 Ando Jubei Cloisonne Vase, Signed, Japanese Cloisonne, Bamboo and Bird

========

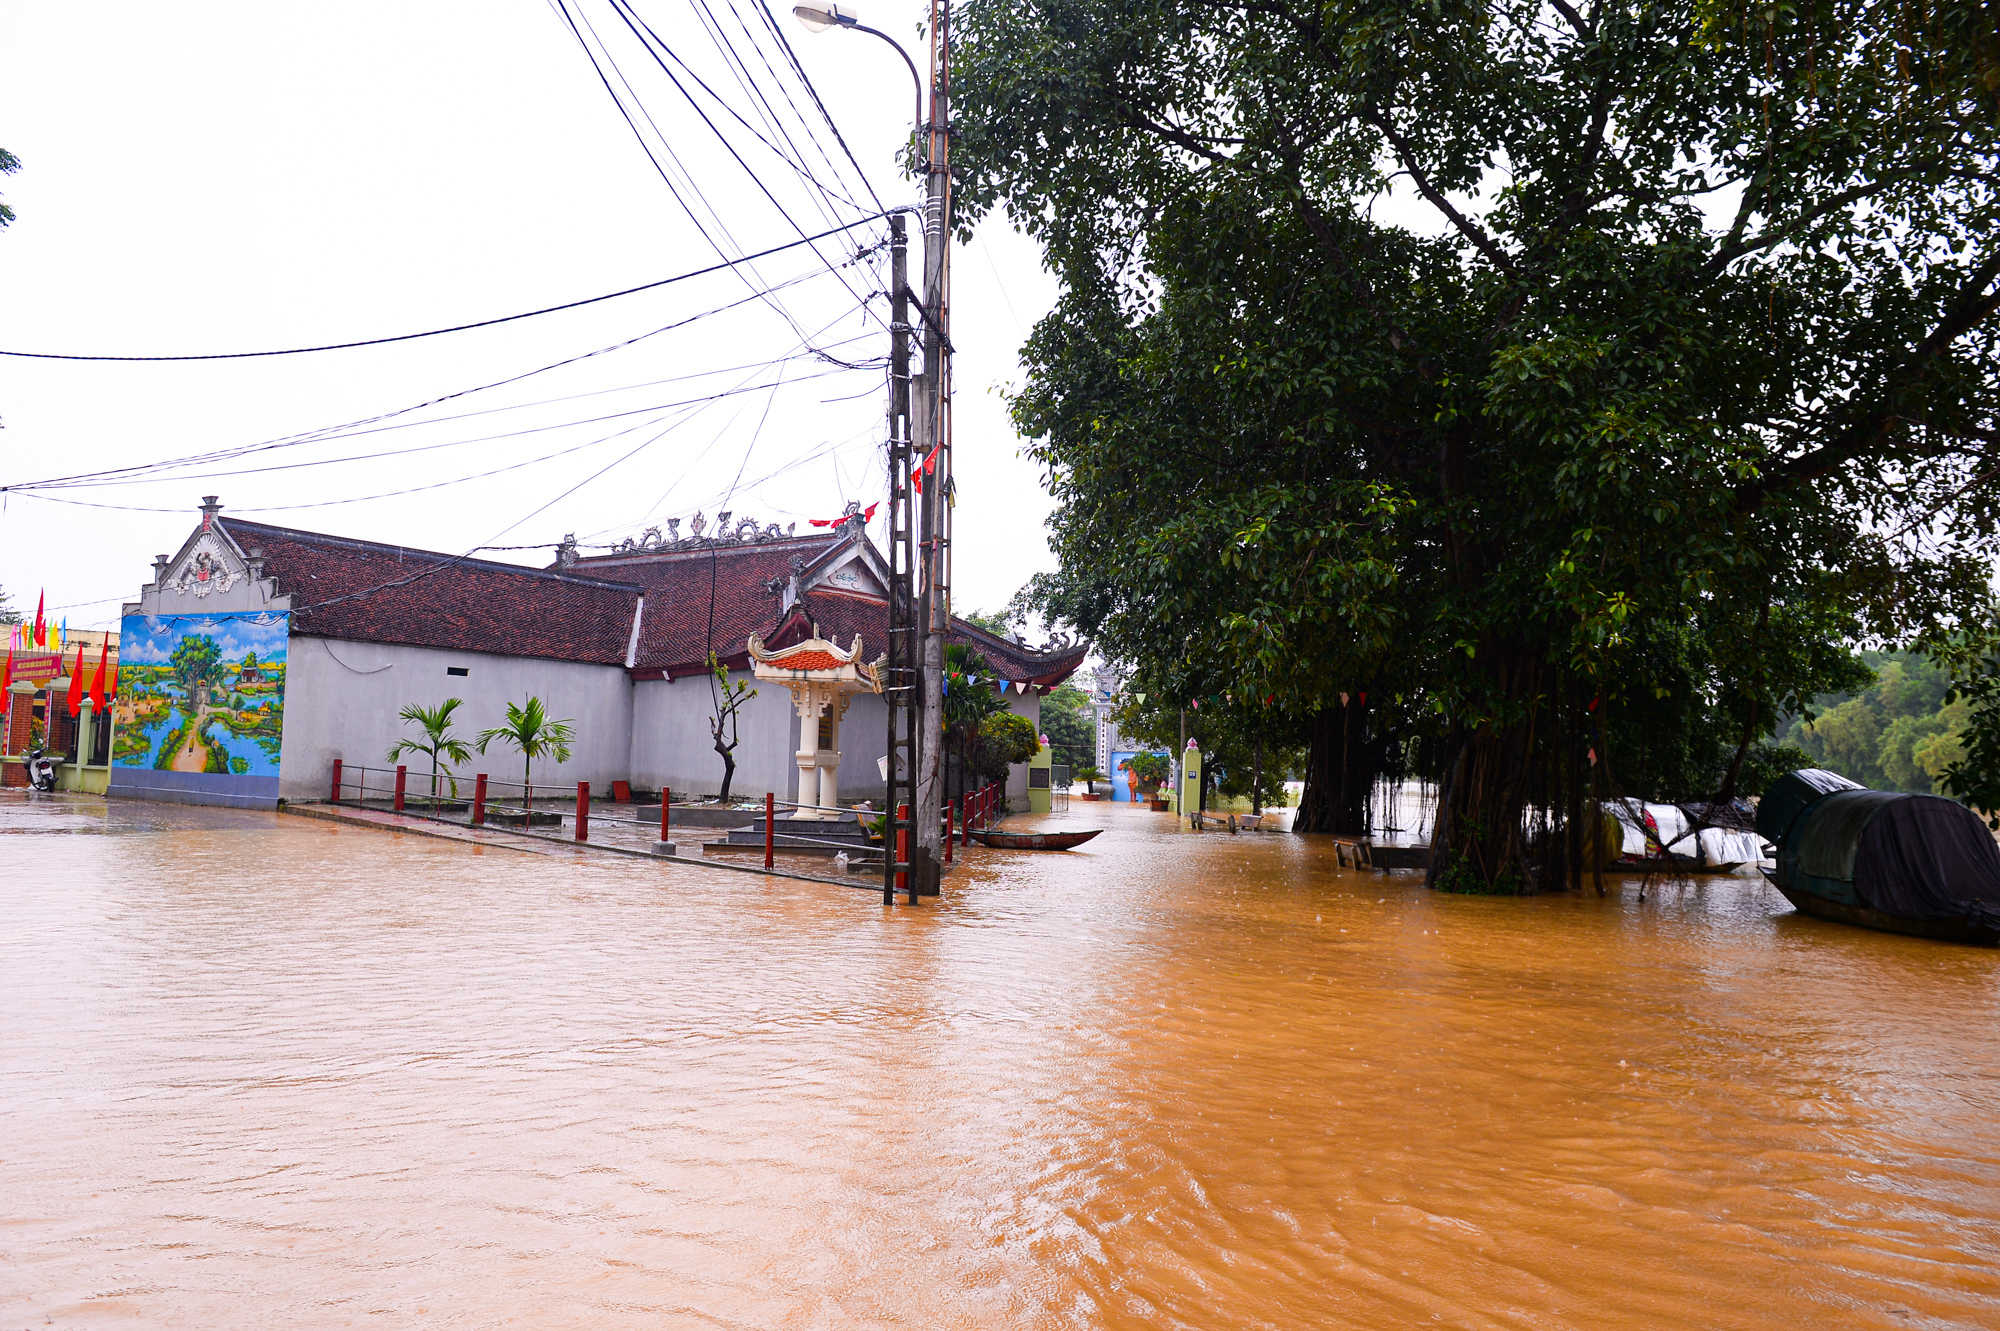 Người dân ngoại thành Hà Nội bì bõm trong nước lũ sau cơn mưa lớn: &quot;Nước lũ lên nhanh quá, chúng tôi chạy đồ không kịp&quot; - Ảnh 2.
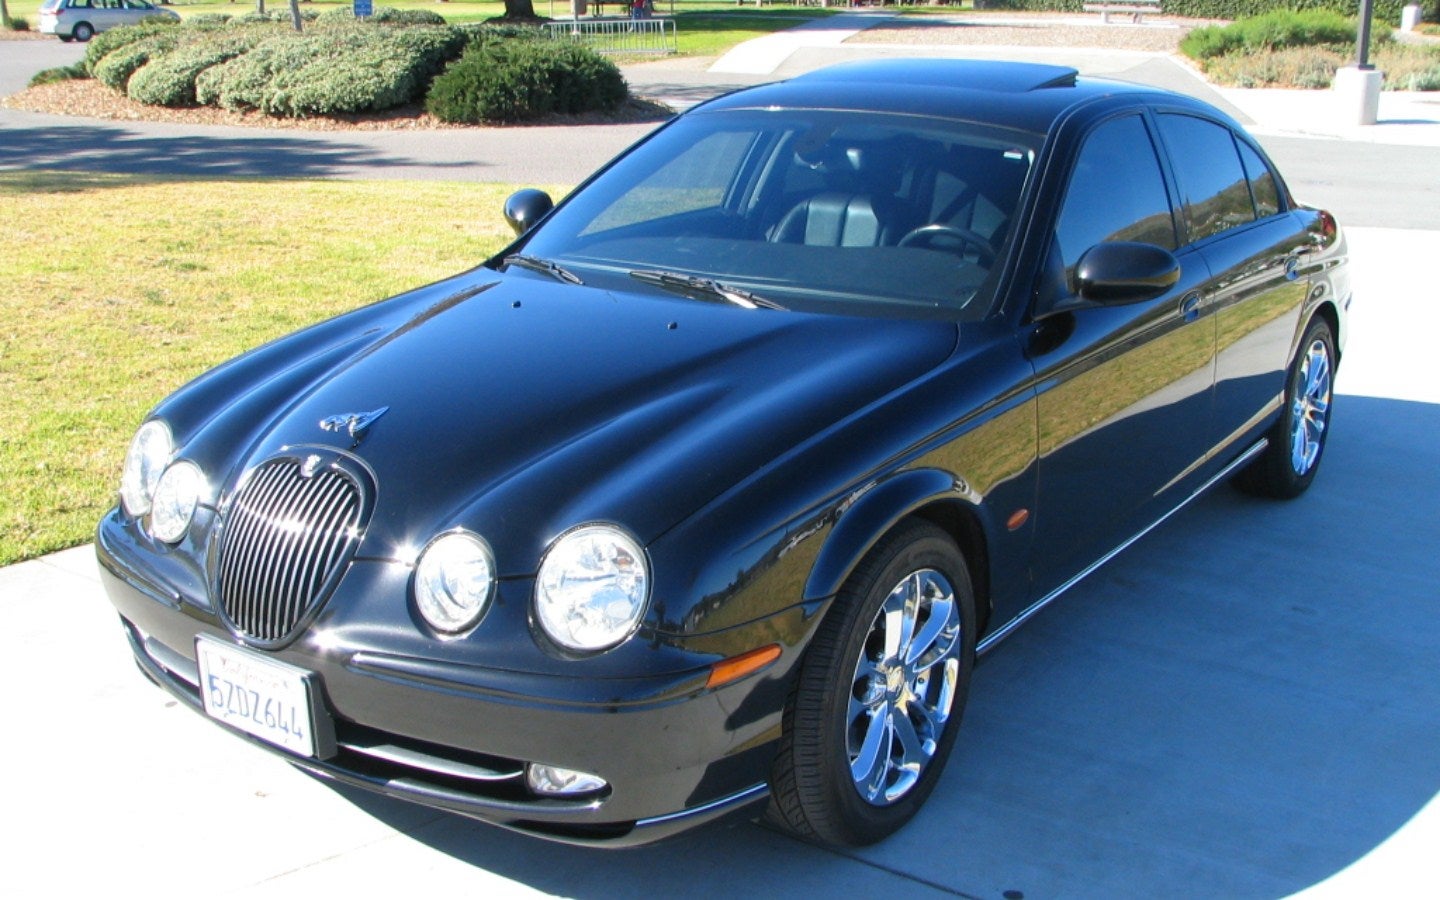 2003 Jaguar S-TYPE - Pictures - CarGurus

========

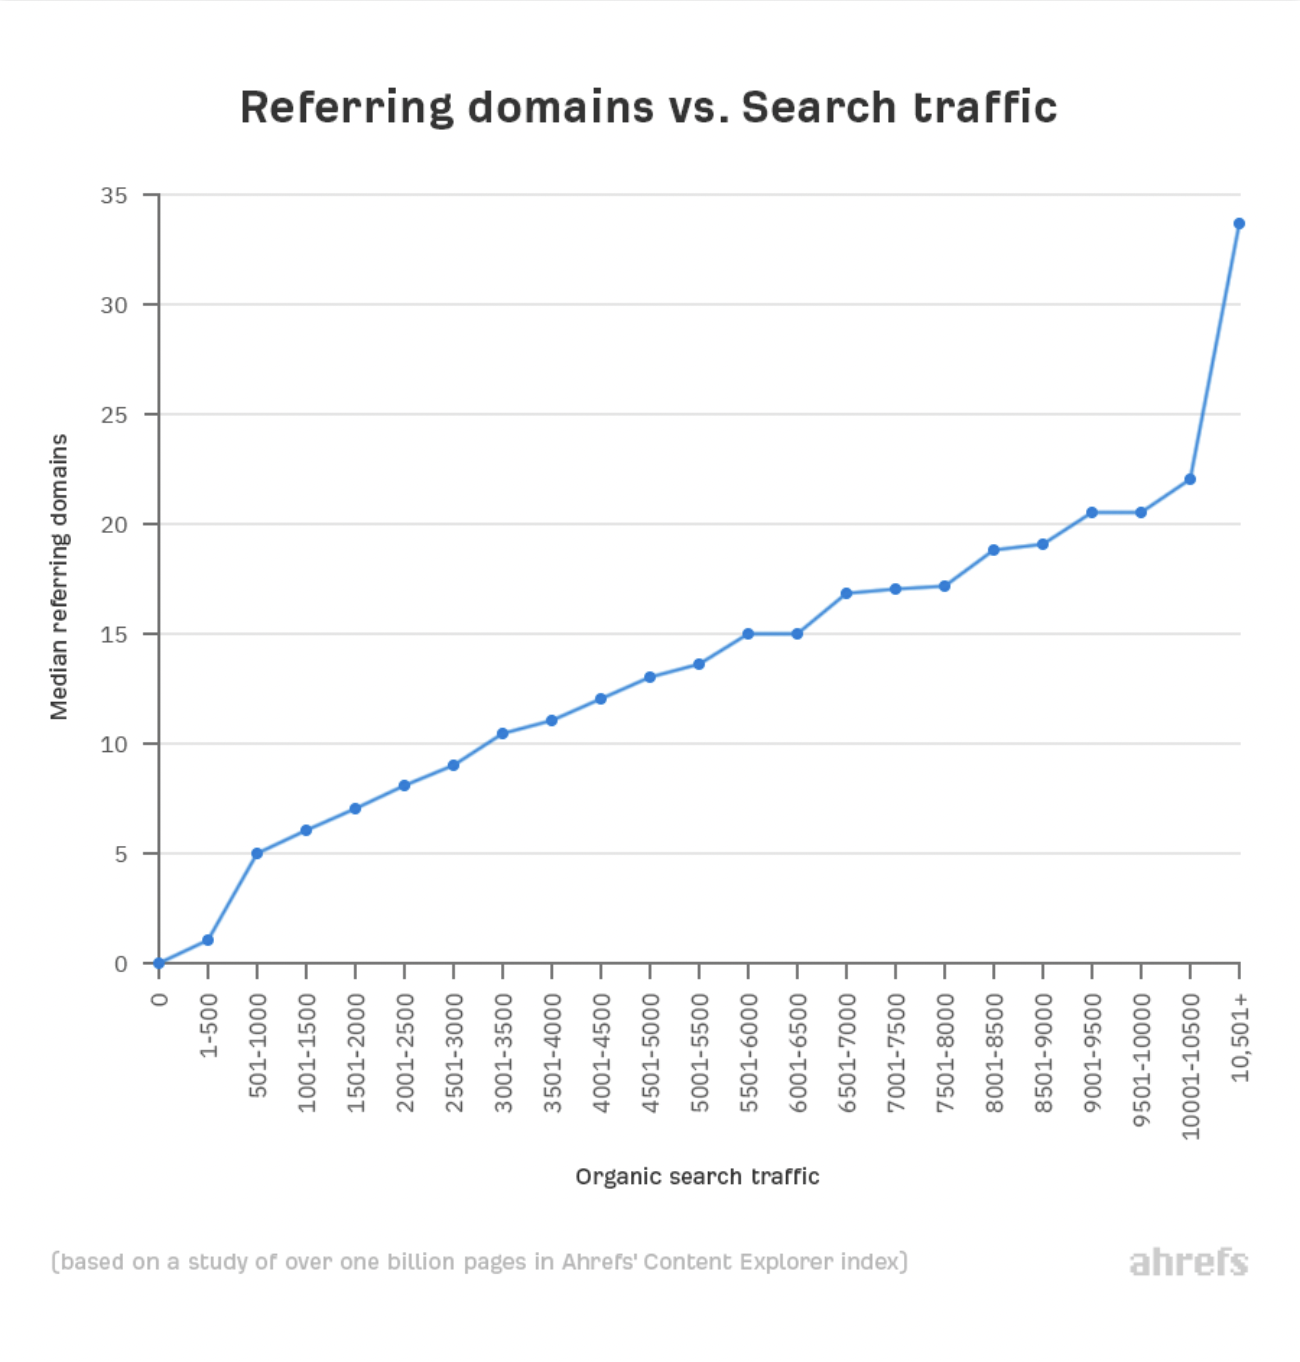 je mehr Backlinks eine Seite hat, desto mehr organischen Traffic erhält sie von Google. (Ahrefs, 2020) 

========

▶ DESCRIPTION OF THE TASK
Would you set down only the lines above from the line with "Người dân ngoại" to the line with "2003 Jaguar S-TYPE - Pictures - CarGurus", both included, exactly as they stand and without the pictures?

▶ TASK RESULT
 Người dân ngoại thành Hà Nội bì bõm trong nước lũ sau cơn mưa lớn: &quot;Nước lũ lên nhanh quá, chúng tôi chạy đồ không kịp&quot; - Ảnh 2.
 2003 Jaguar S-TYPE - Pictures - CarGurus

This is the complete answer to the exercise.